Improved differentiation of BI-RADS 4 breast lesions based on
ultrafast dynamic contrast-enhanced MRI radiomics and artificial neural network
Lingsong Meng1, Xin Zhao1, Jinxia Guo2, Lin Lu1, Meiying Cheng1, Qingna Xing1, Honglei Shang1, Yan Chen1, Penghua Zhang1, and Xiaoan Zhang1 1The Third Affiliated Hospital of Zhengzhou University, Zhengzhou, China, 2General Electric (GE) Healthcare, MR Research China, Beijing, Beijing, China
Synopsis
Keywords: Breast, Radiomics
Improving
the assessment of Breast Imaging Reporting and Data System (BI-RADS) 4 lesions
can avoid unnecessary biopsies. As an emerging field, radiomics has been successfully
explored as a means to aid decision-making for the diagnosis and risk
stratification of several kinds of cancers1-4. In this study, we combined radiomics features extracted from
ultrafast dynamic contrast-enhanced magnetic resonance imaging (DCE-MRI) (using
the Differential sub-sampling with cartesian ordering (DISCO) technique) with
an artificial neural network (ANN) to improve diagnostic performance in
assessing BI-RADS 4 lesions and evaluate the potential to avoid unnecessary
biopsies.
Purpose
BI-RADS
category 4 lesions with a varying range of probability of malignancy (2%-95%)5-6, are regarded as
suspicious lesions and usually recommended for biopsy7, which
may lead to a large number of negative biopsies8 as well as the
psychological and financial burden for patients. As an emerging field, radiomics
has been successfully explored as a means to aid decision-making for the
diagnosis and risk stratification of several kinds of cancers.

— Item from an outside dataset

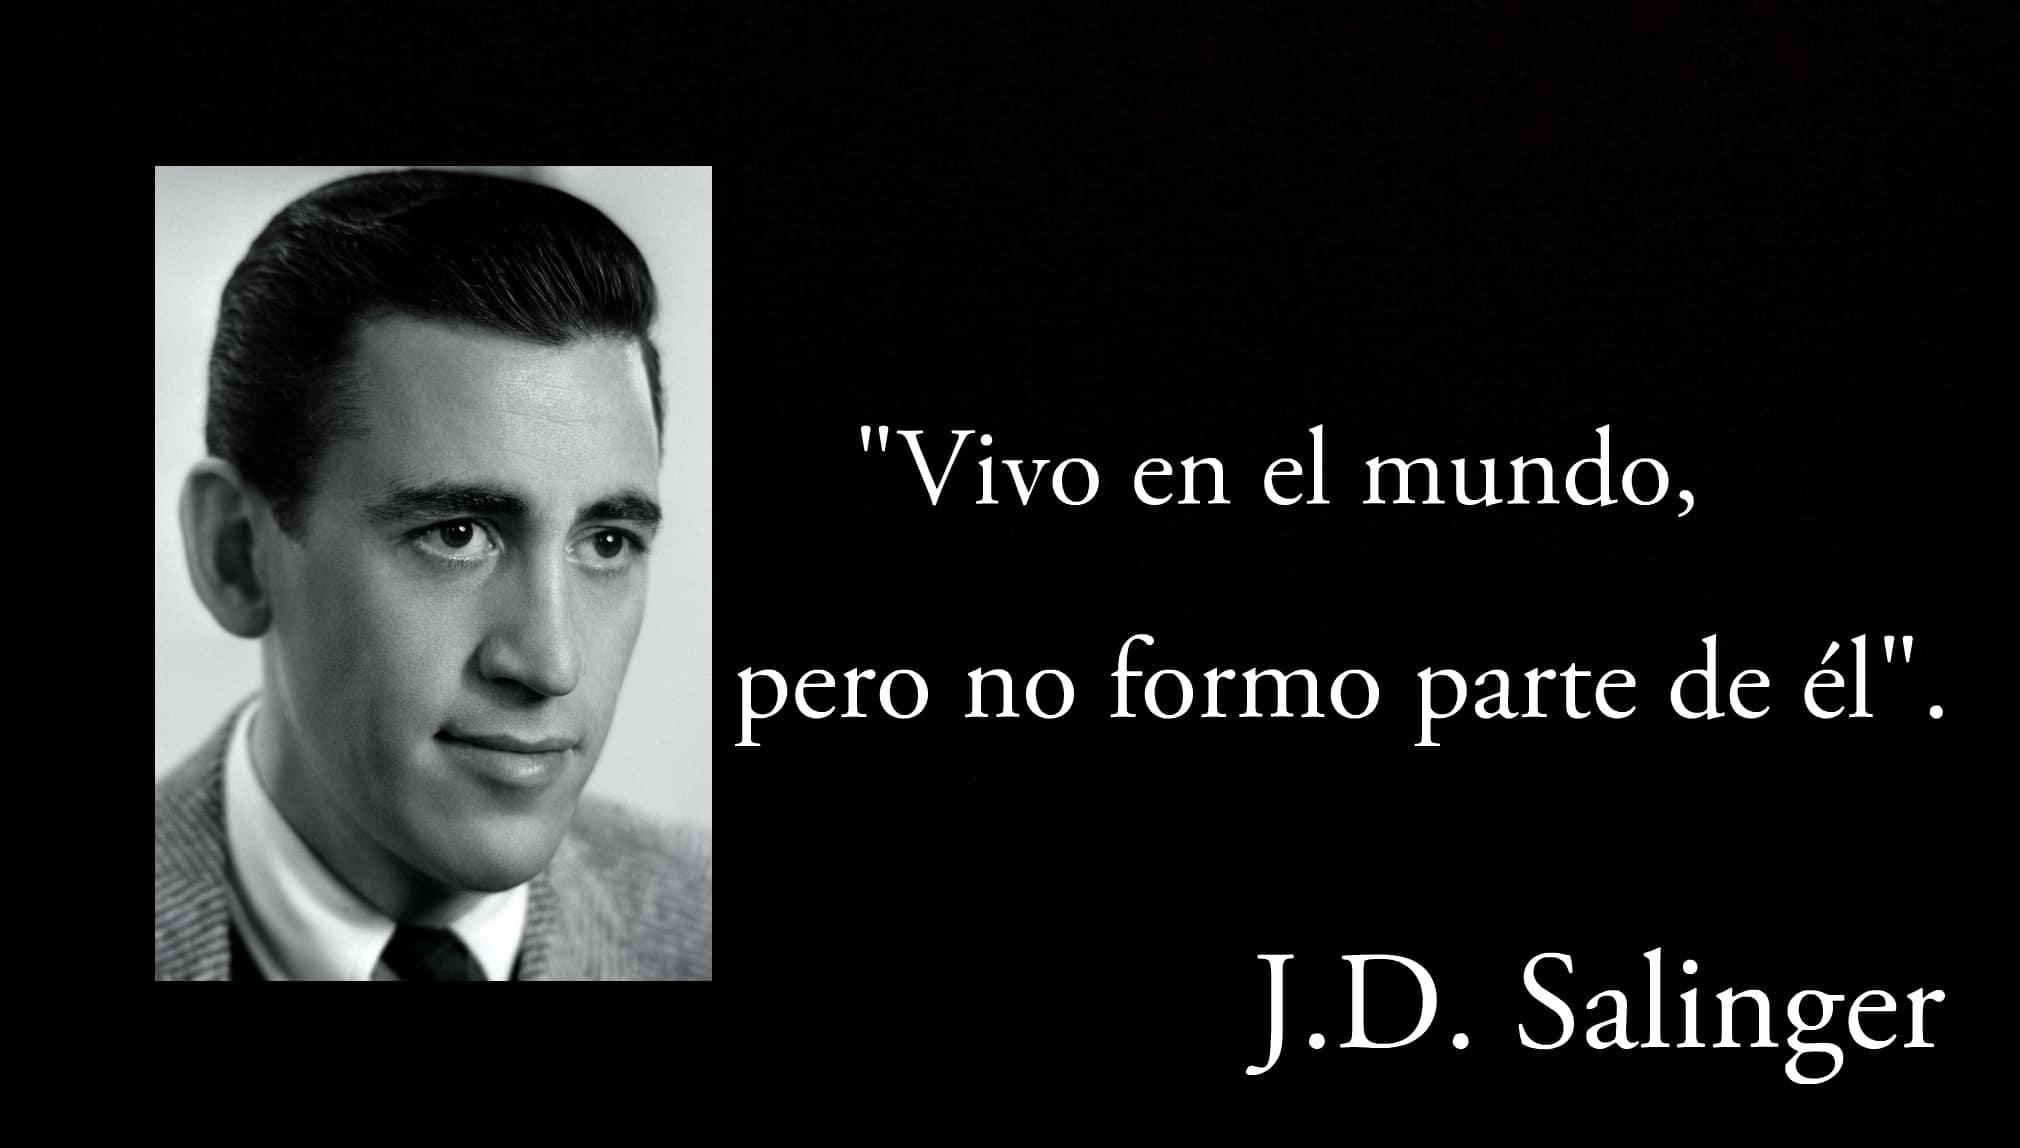 Frase de J.D. Salinger.

Ultrafast DCE-MRI
is a newly proposed imaging protocol that can provide improved temporal
resolution while maintaining reasonable spatial resolution9-10. The purpose of
this study was (a) to investigate if combining radiomics features extracted
from ultrafast imaging (using the DISCO technique) with an artificial neural
network (ANN) can differentially diagnose the MR BI-RADS 4 breast lesions, (b)
to determine whether and how many false-positive biopsies could be potentially
avoided by comparing the results with prospectively prescribed biopsy
indications by experienced breast radiologists.
Methods
This
retrospective study consecutively included 173 patients with 182 MR BI-RADS 4
lesions (95 benign, 87 malignant). The ultrafast imaging was performed using the DISCO technique and the tenth and
fifteenth postcontrast DISCO images (hereafter DISCO-10 and DISCO-15) were selected for
further analysis. An experienced radiologist used freely available software
(FAE 5.0)11 to perform radiomics extraction. After principal component analysis
(PCA), a multilayer
perceptron artificial neural network (ANN) to distinguish between malignant and
benign lesions was developed and tested using a random allocation approach. ROC
analysis was performed to evaluate the diagnostic performance. All
statistical analyses were performed using the statistical software SPSS version
26.0 (IBM) and MedCalc version 19.8 (MedCalc). P < 0.05 was
considered statistically significant.
Results
PCA was performed and yielded three categories of principal
components (PC), consisting of eleven PC for DISCO-10, eleven PC for DISCO-15,
and sixteen PC for their combination, respectively. The AUC of DISCO-10,
DISCO-15, and their combination was 0.817 (95%CI, 0.739-0.880), 0.889 (95%CI,
0.821-0.938), and 0.902 (95%CI, 0.836-0.948) in the training dataset and 0.937 (95%CI, 0.838-0.985), 0.915 (95%CI, 0.808-0.973), and 0.956
(95%CI, 0.864-0.993) in the testing dataset, respectively (Figure 1, Table 1).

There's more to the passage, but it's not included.